_Exercise prompt_
Please return only the lines from the one holding "Ruins of the" through the one holding "Le crabe des", exactly as they appear in the records below, both ends included.

_Data to process_
[Start of section]

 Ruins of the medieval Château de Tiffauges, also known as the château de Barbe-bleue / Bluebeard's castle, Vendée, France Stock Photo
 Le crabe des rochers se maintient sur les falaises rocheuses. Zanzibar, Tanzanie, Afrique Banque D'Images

[End of section]
[Start of section]

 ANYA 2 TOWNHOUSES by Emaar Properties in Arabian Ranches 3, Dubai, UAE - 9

[End of section]
[Start of section]

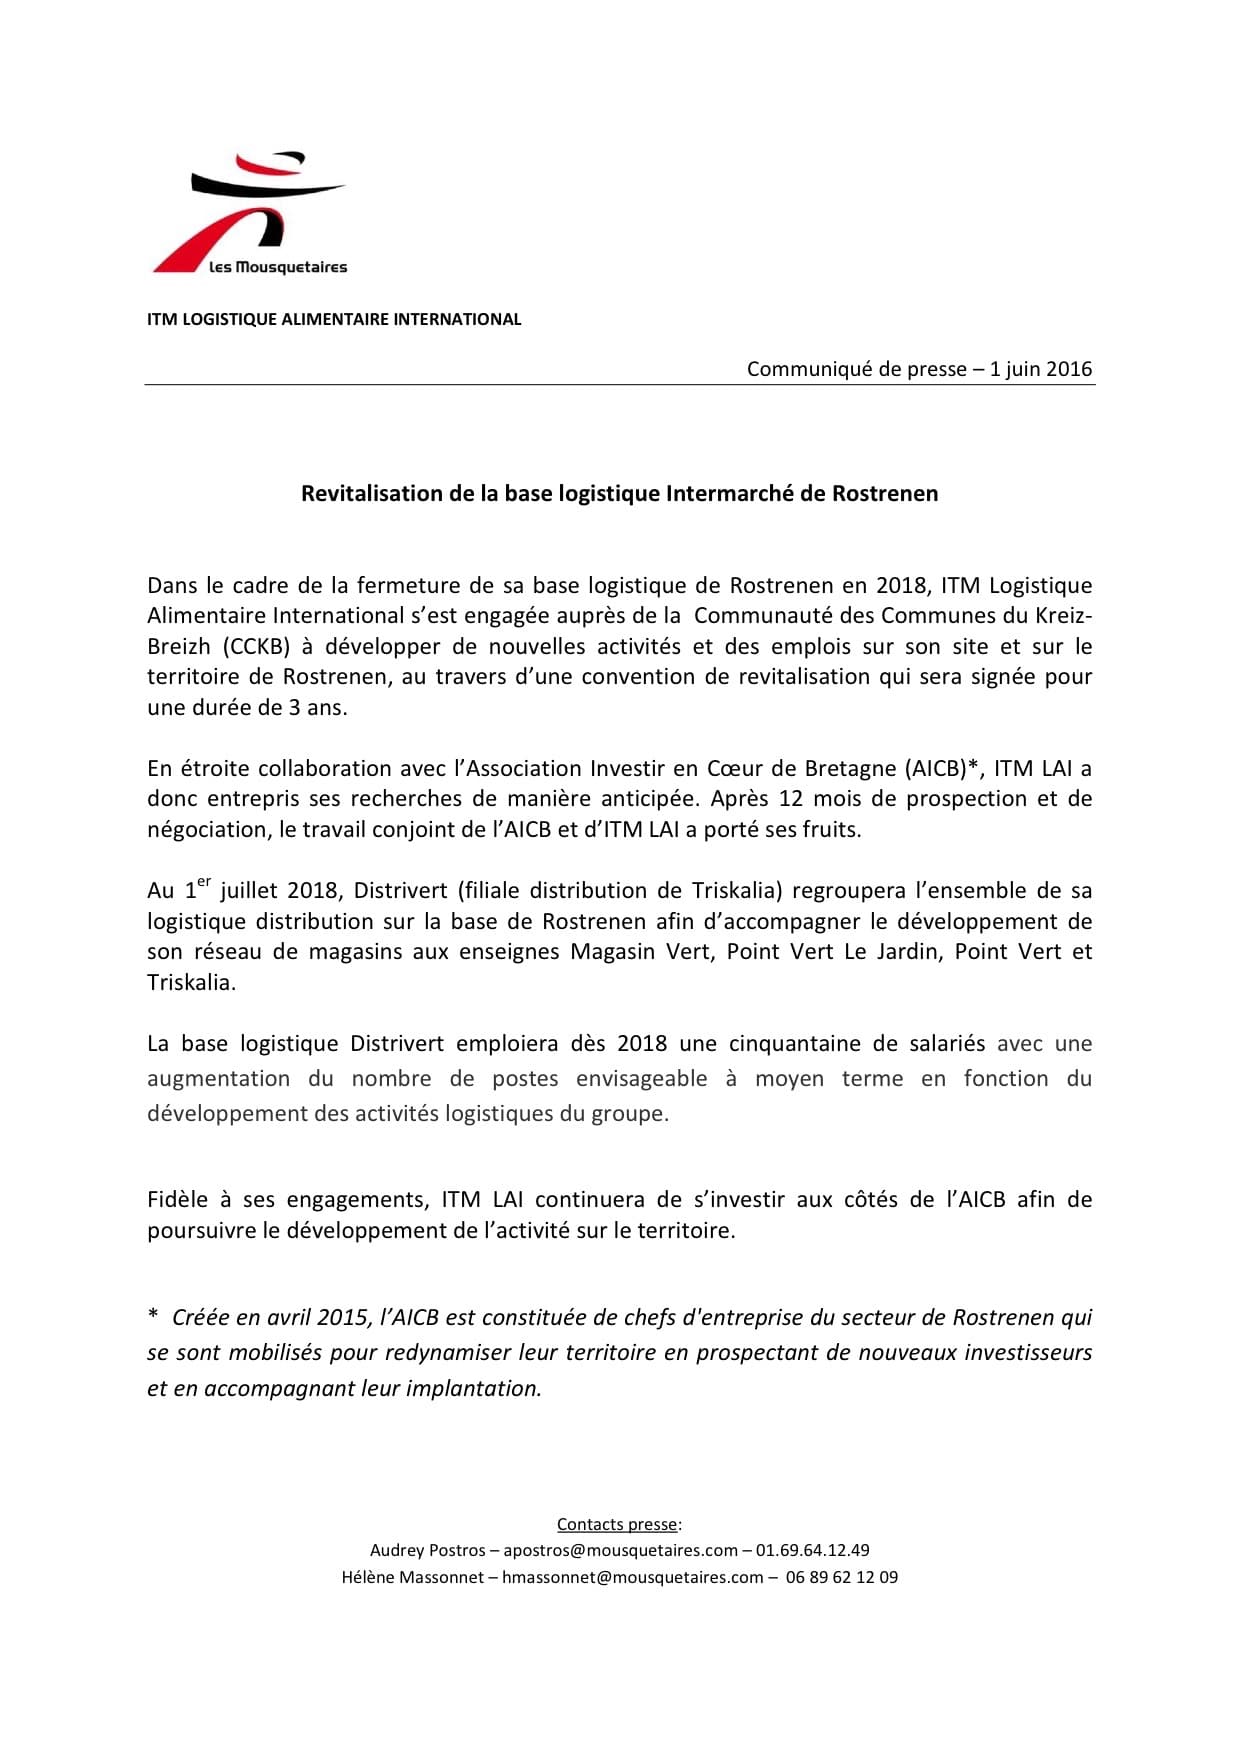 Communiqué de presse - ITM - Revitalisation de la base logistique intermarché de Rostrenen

[End of section]

_Answer to this task_
 Ruins of the medieval Château de Tiffauges, also known as the château de Barbe-bleue / Bluebeard's castle, Vendée, France Stock Photo
 Le crabe des rochers se maintient sur les falaises rocheuses. Zanzibar, Tanzanie, Afrique Banque D'Images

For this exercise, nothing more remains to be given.